# [Problem to solve]
Every line of the listing belongs in your answer exactly as written; the images do not.

Recorded data Start Marker

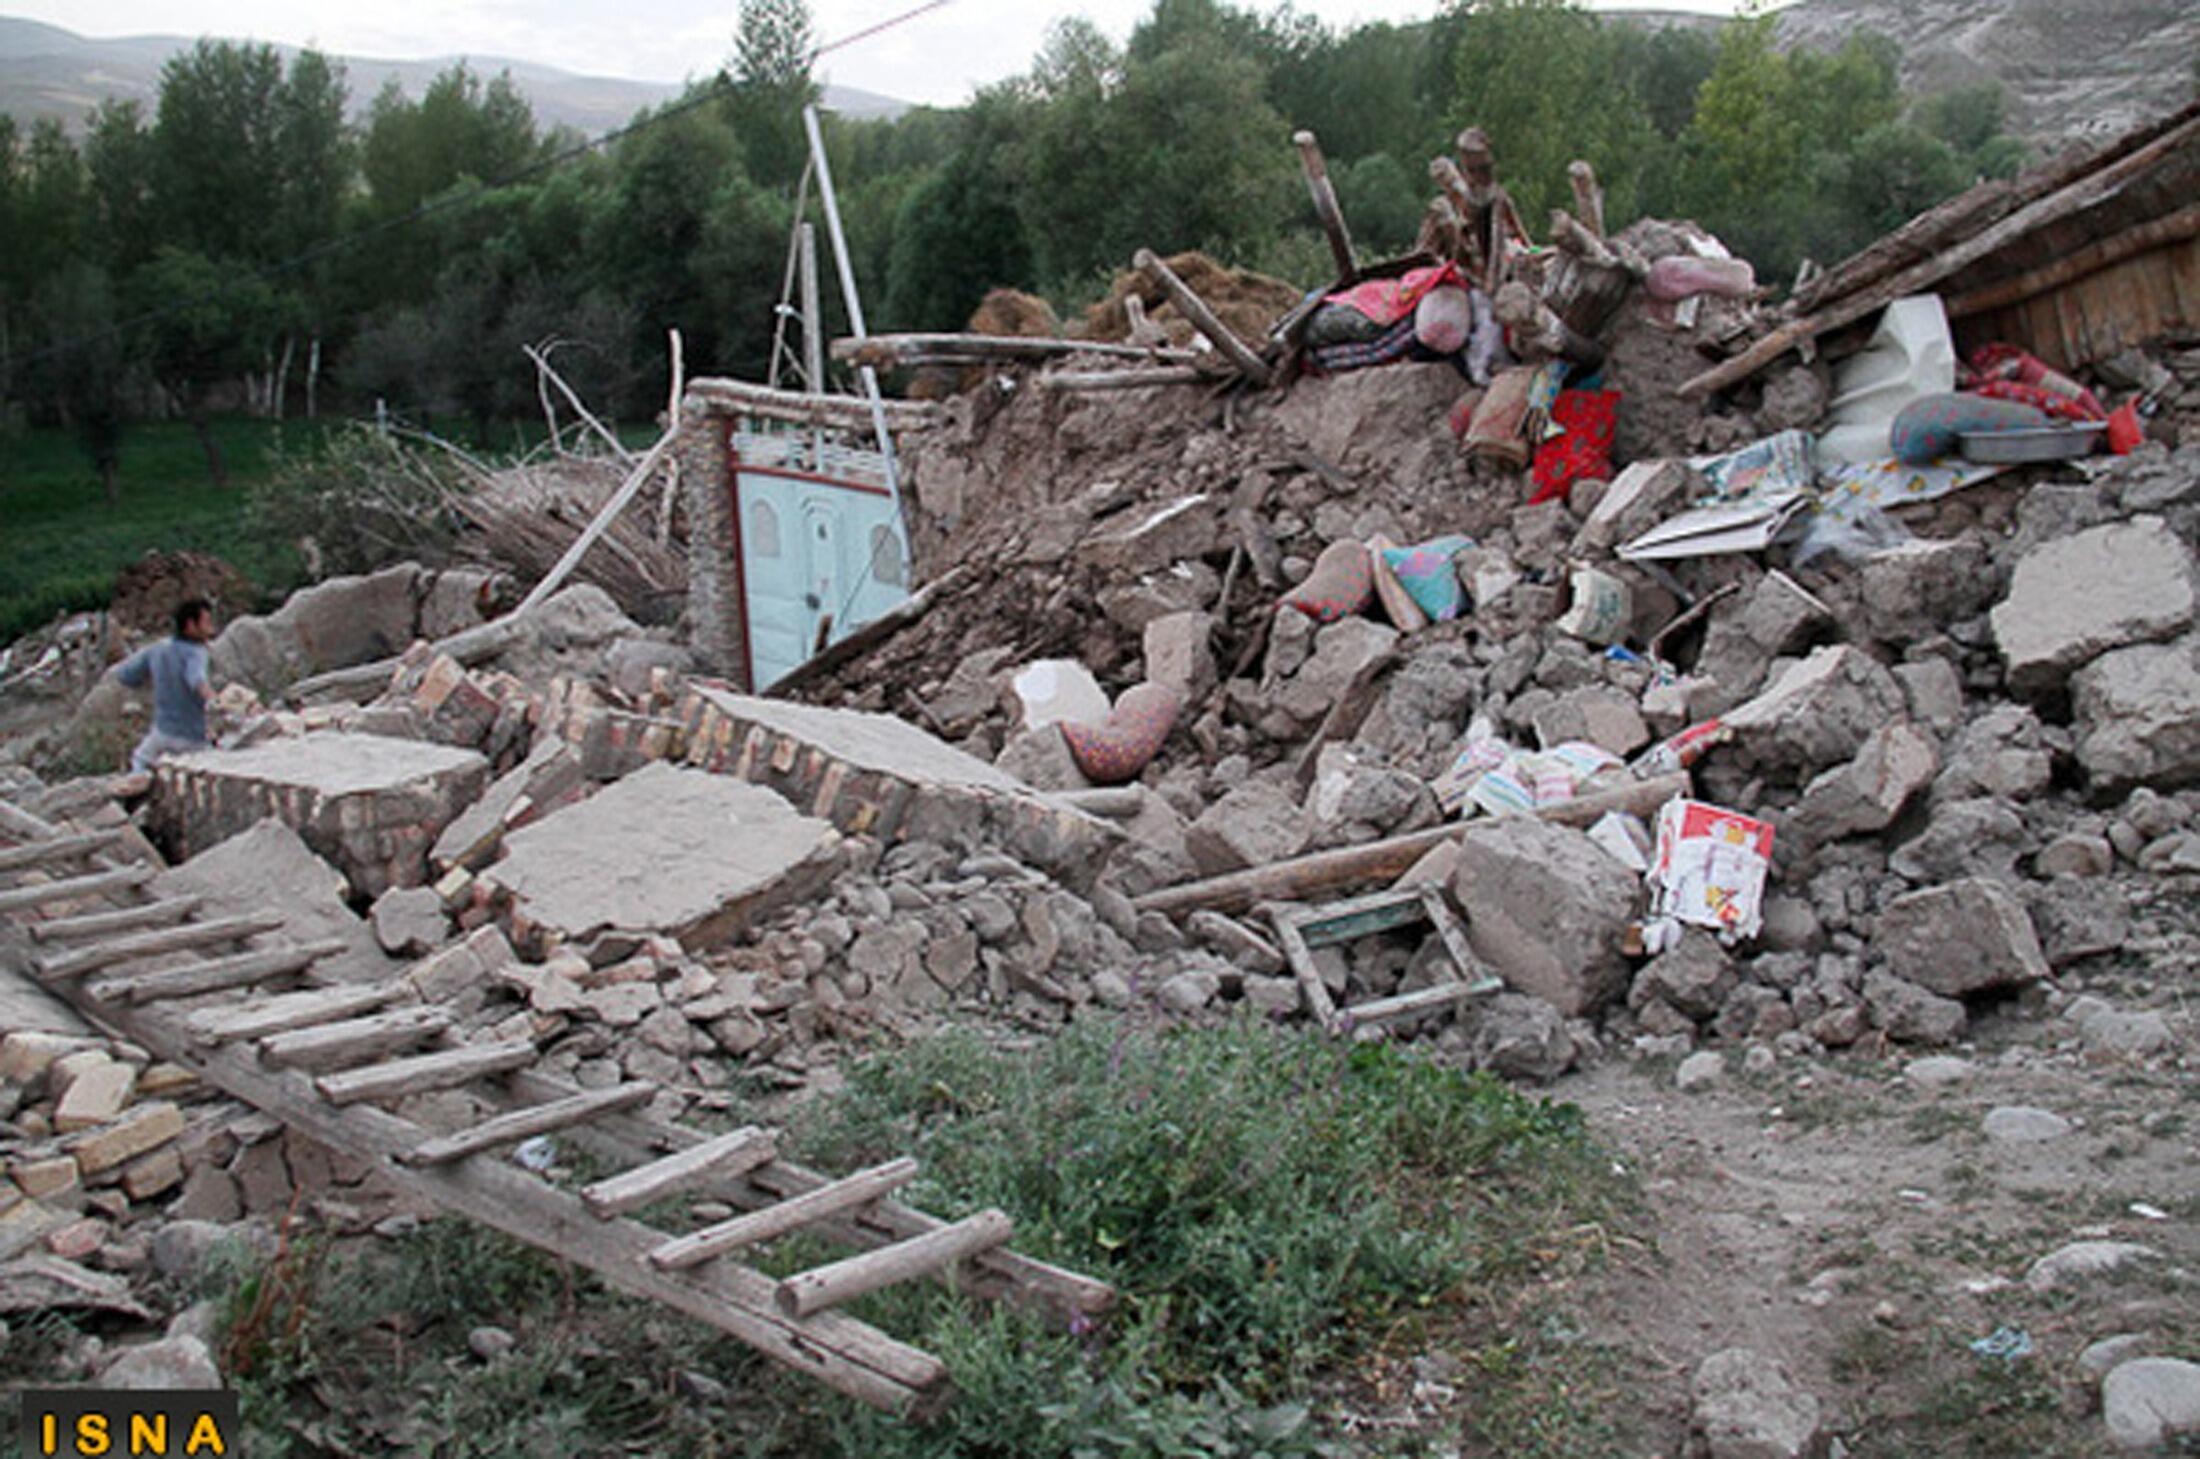 Escombros dos tremores de terra que devastaram a região noroeste do Irã no último sábado.
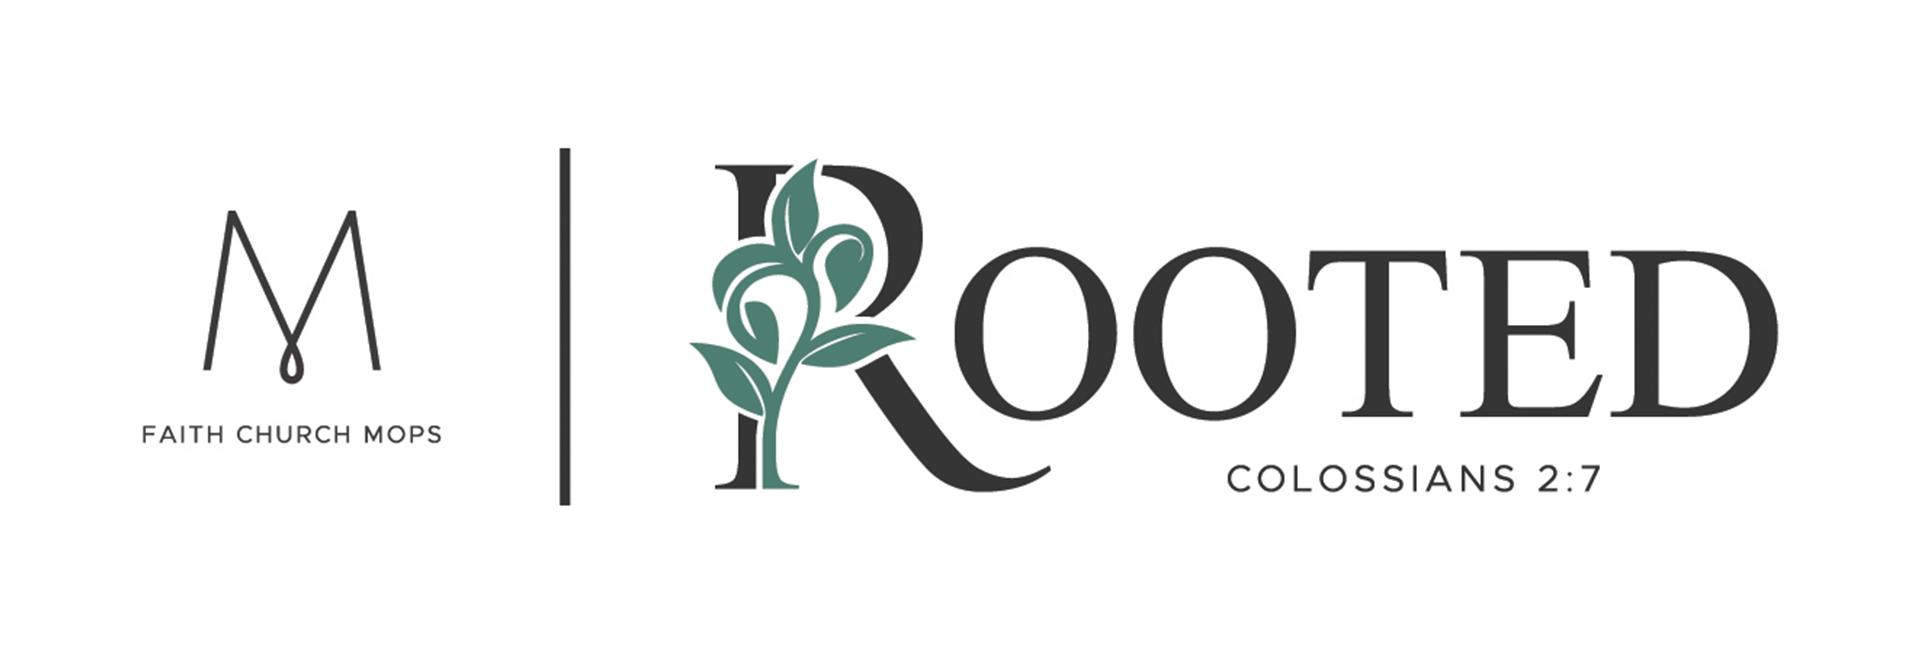 MOPS_RootedLogofull Web
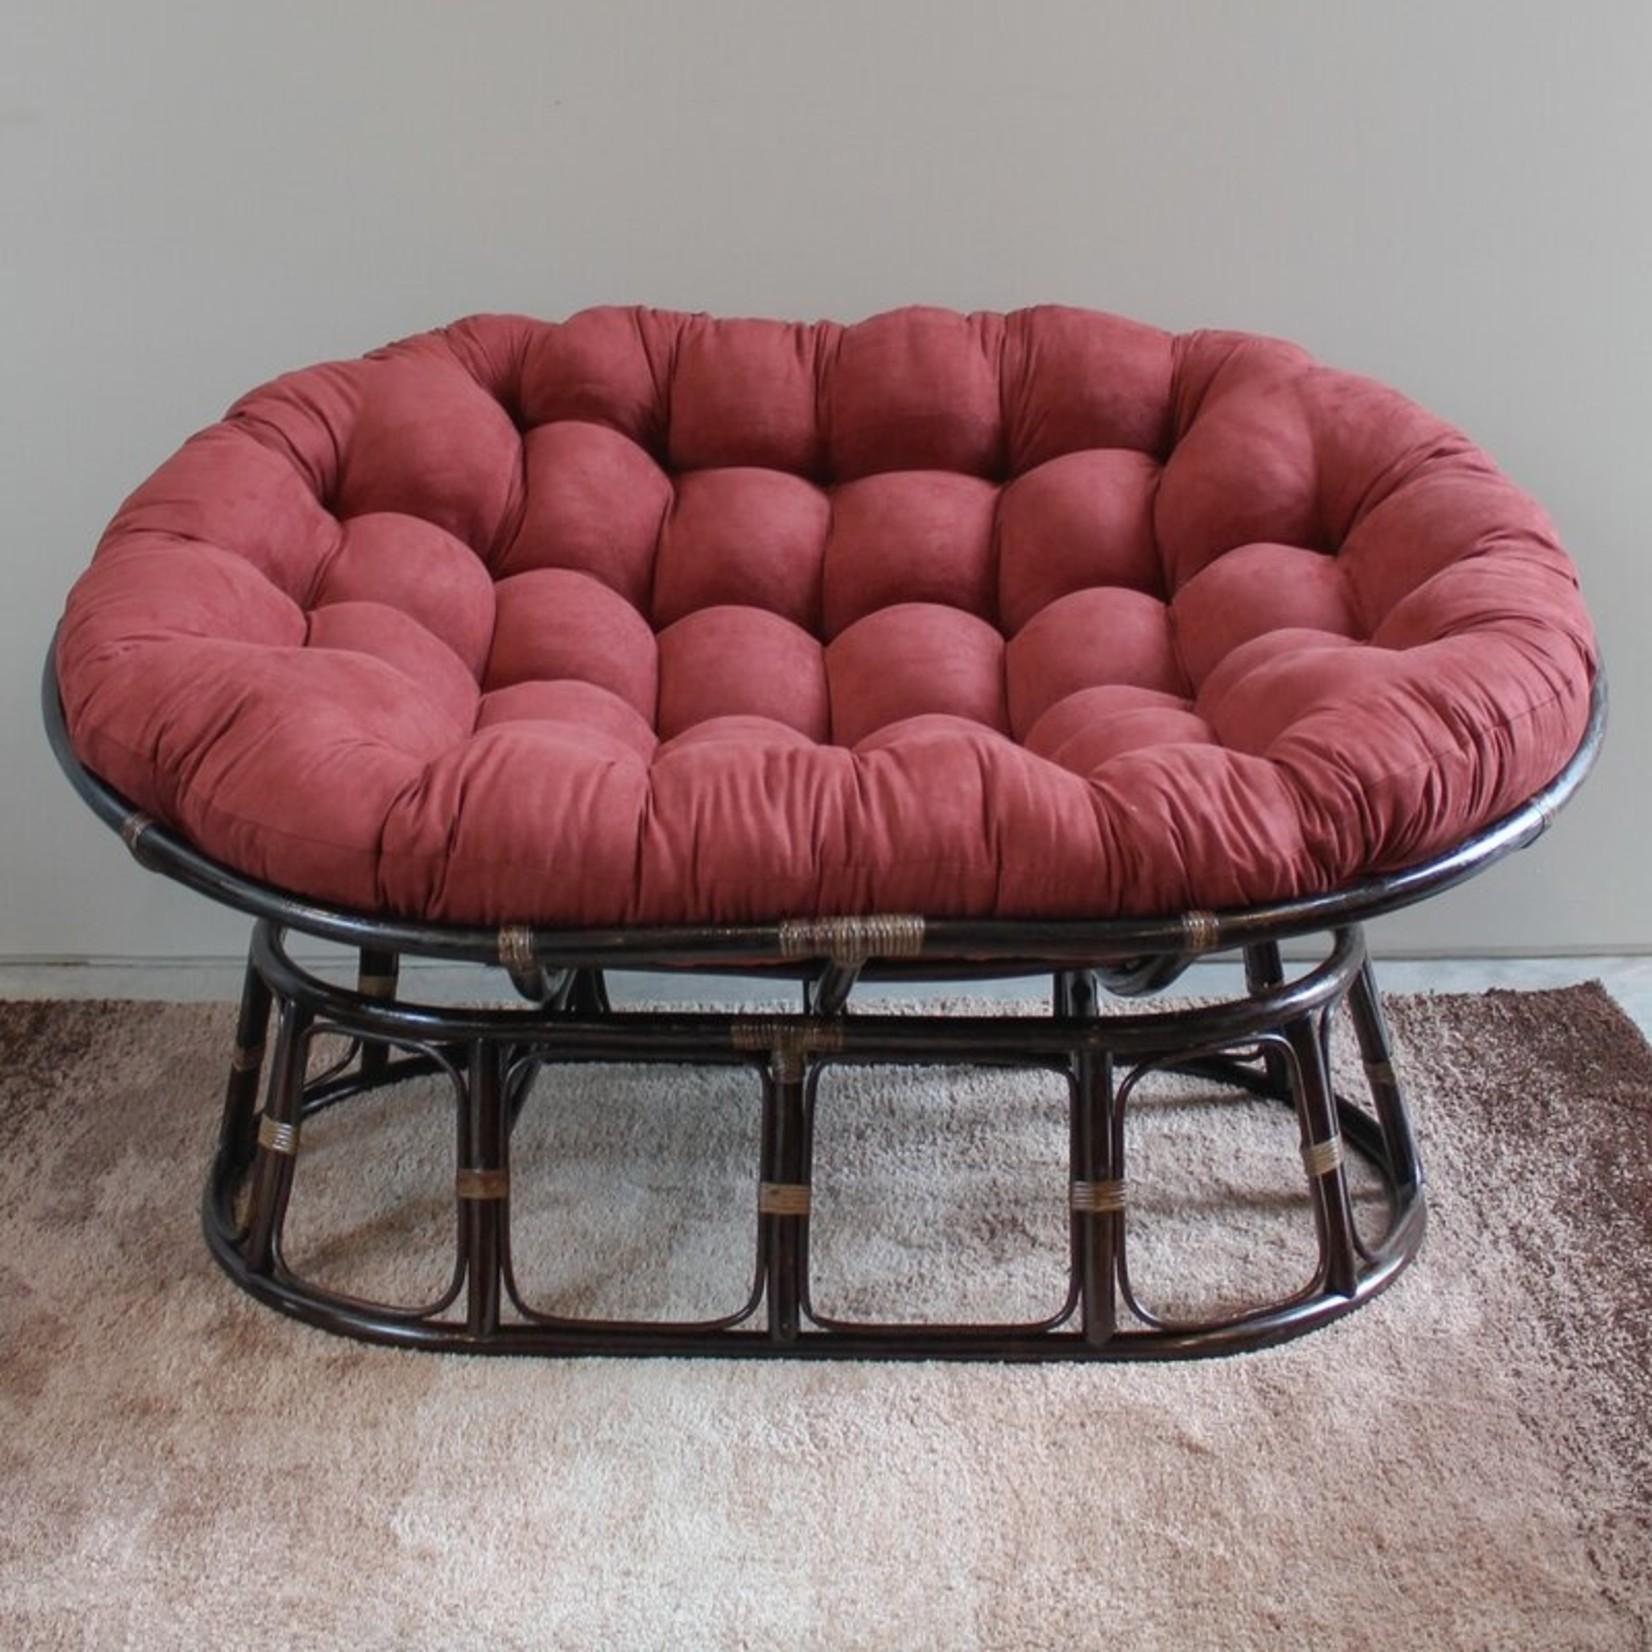 *Papasan Premium Indoor Lounge Chair Cushion - CUSHION ONLY
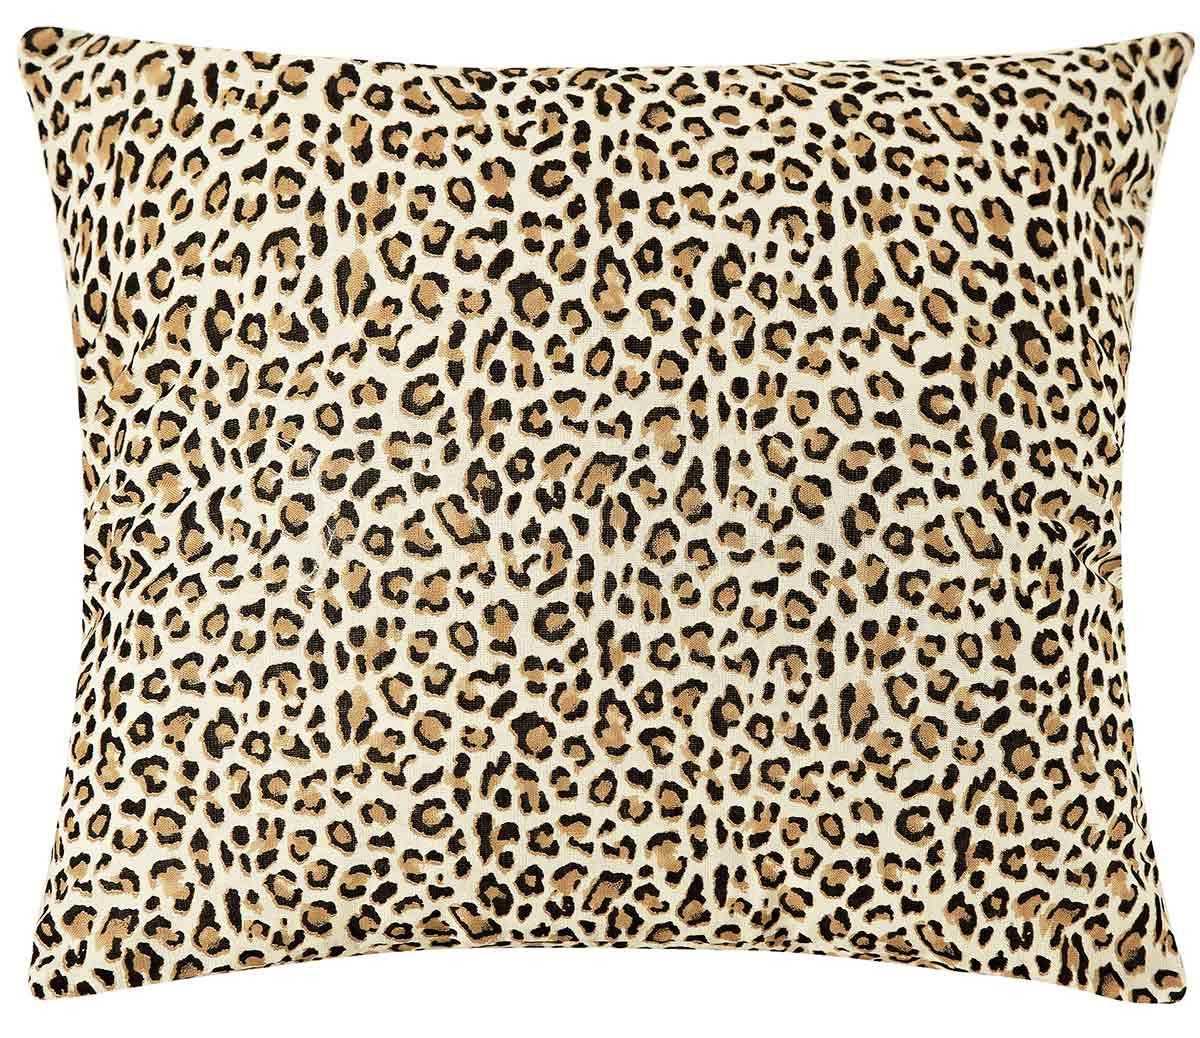 Almofadas Avulsa 40cm x 40cm  Onça Estampado com 1 peças

Recorded data End Marker

# [Solution]
 Escombros dos tremores de terra que devastaram a região noroeste do Irã no último sábado.
 MOPS_RootedLogofull Web
 *Papasan Premium Indoor Lounge Chair Cushion - CUSHION ONLY
 Almofadas Avulsa 40cm x 40cm  Onça Estampado com 1 peças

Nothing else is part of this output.